He made these remarks at a Youth in Business Summit in Des Moines last Wednesday. The event was a culmination of an 18-month research project that looked at the dropout crisis in Des Moines Independent Community School District and how students could be motivated to graduate and start careers. The event also was designed to offer ways employers could work with youth organizations and schools, realizing that high school students are an important labor pool to help fill a workforce gap in the future.

Though the recession has mitigated these fears for now, Sue Gibbons, Des Moines Area Community College’s (DMACC) Career Pathways coordinator, said she hears from companies that “it’s not if the economy turns around but when, and we’ll be right back to where we were before. So we have kind of been given a little respite here to do some planning, strategizing to get something in place so (the worker shortage) is not as severe as we were anticipating a year ago.”

Chapman echoed the need for businesses to get involved. After serving as chair of the 2006 United Way of Central Iowa campaign, he said, “I realized that we can solve our employment issues, we can solve a lot of the challenges that we face in our community … if businesses get involved with educators, get involved with support groups and make a commitment to improve it.”

Since the United Way campaign, Chapman has become chair of Central Iowa Works, which replaced the Central Iowa Employment and Training Consortium and focuses on alleviating worker and skills shortages in Central Iowa. The group coordinated the Multiple Education Pathways Blueprint (MEPB) project, which looked at the dropout crisis, with a $500,000 grant the city of Des Moines received from the U.S. Department of Labor. Other leaders in the project include people from Boys & Girls Clubs of Central Iowa, the Greater Des Moines Partnership and Iowa Workforce Development.

Representatives from about 25 employers and 45 education and community-based organizations attended the Youth in Business Summit.

“Business has not been generally involved in the development of education curriculum and helping create a linkage between students, training and work,” said DMACC President Rob Denson. But, he added, “I think we’re well on the way” to creating that connection now.

Engaging youth

Des Moines public schools had a 74 percent graduation rate in the 2007-2008 school year and more than 40 percent of students who enter ninth grade don’t finish high school in four years. In a video shown at the event, students offered reasons such as a tough home life, pregnancy, diversity challenges and lack of motivation for reasons to leave the traditional school setting and how alternative programs, such as Scavo Campus, helped.
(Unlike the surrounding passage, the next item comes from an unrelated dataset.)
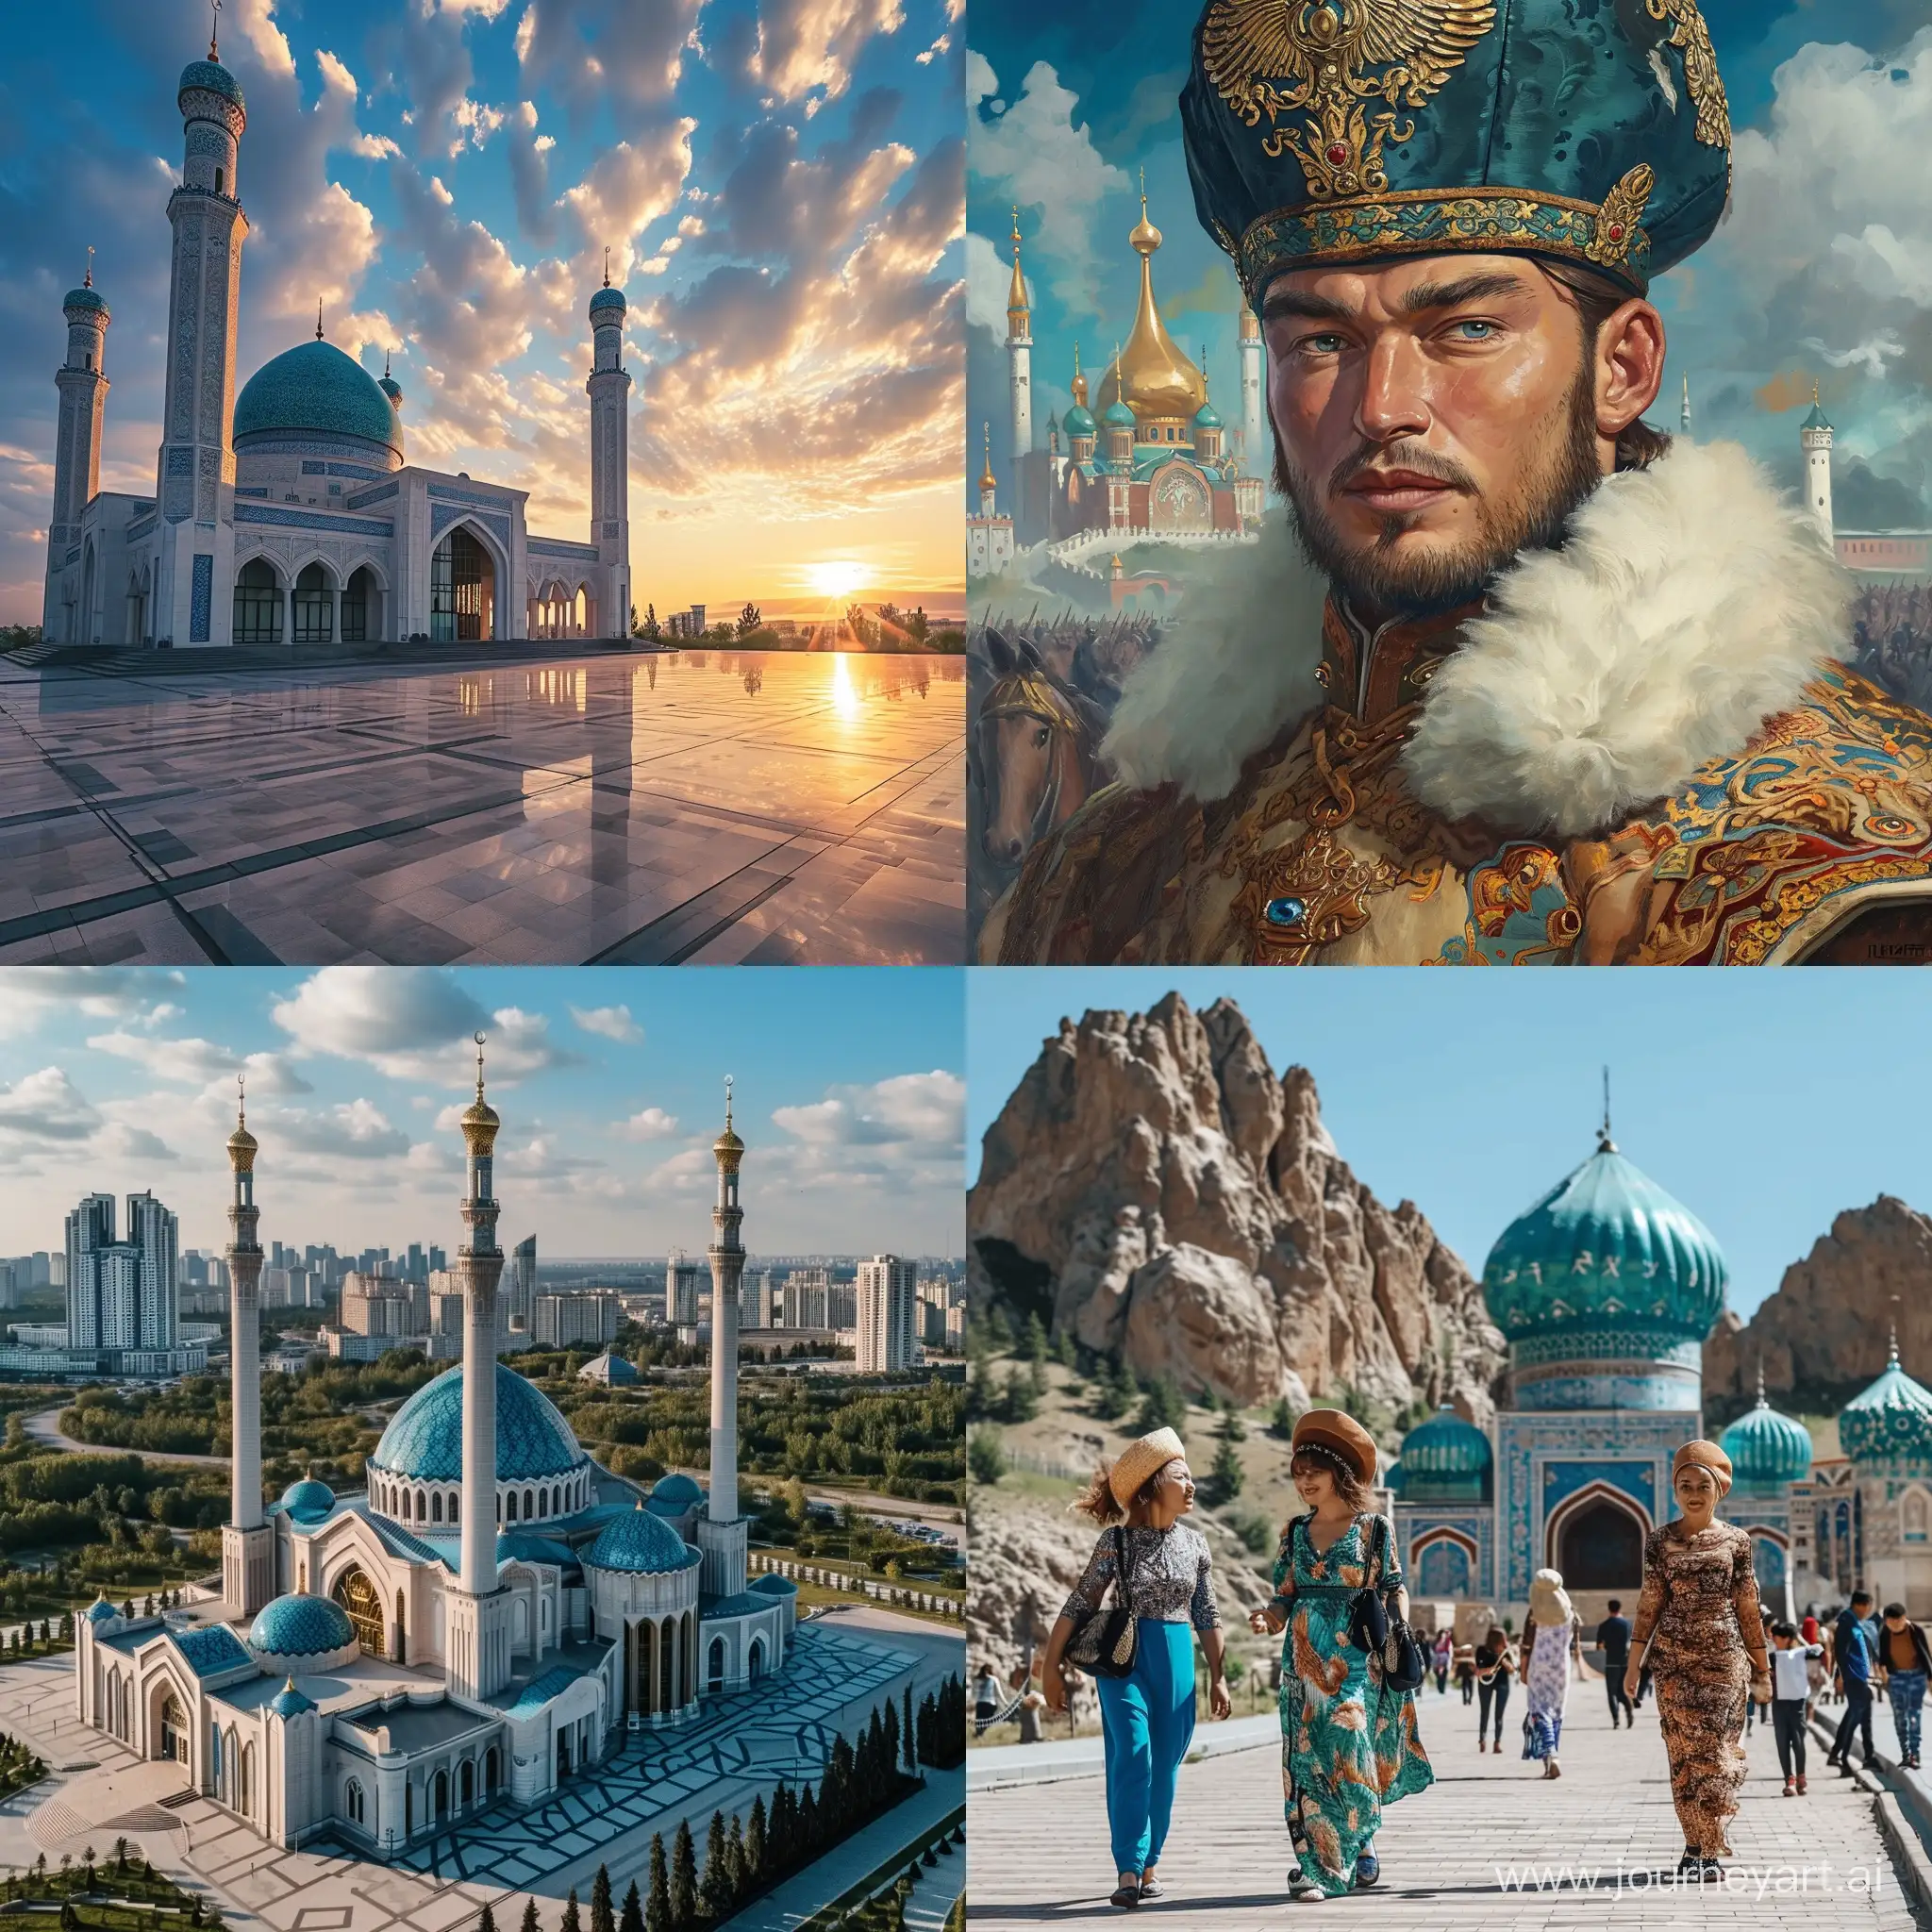 Kazakh-Cultural-Exploration-Vibrant-World-Opening

The MEPB report listed five priorities in addressing this issue:

• Creation of early-warning and intervention systems, development of a centralized resource and referral intermediary, and data sharing among community stakeholders;• Community involvement in development of multiple pathways to graduation to include youths, businesses and youth-serving organizations from the region;

• Coordination efforts to align education and community service providers with Central Iowa Works;

• Leadership involvement with policy and reform that promotes and develops multiple pathways to graduation;

• Awareness of the dropout crisis and the need for intervention.

One of the major components missing in these solutions, Denson said, is a connection between youths and businesses and to have an entity that can serve as an intermediary to connect the two.

Best practices

To encourage this, the conference highlighted examples of how organizations have achieved these goals. Programs that offer job shadowing, internships and summer jobs, the speakers said, help give relevance to what the students are learning in the classroom.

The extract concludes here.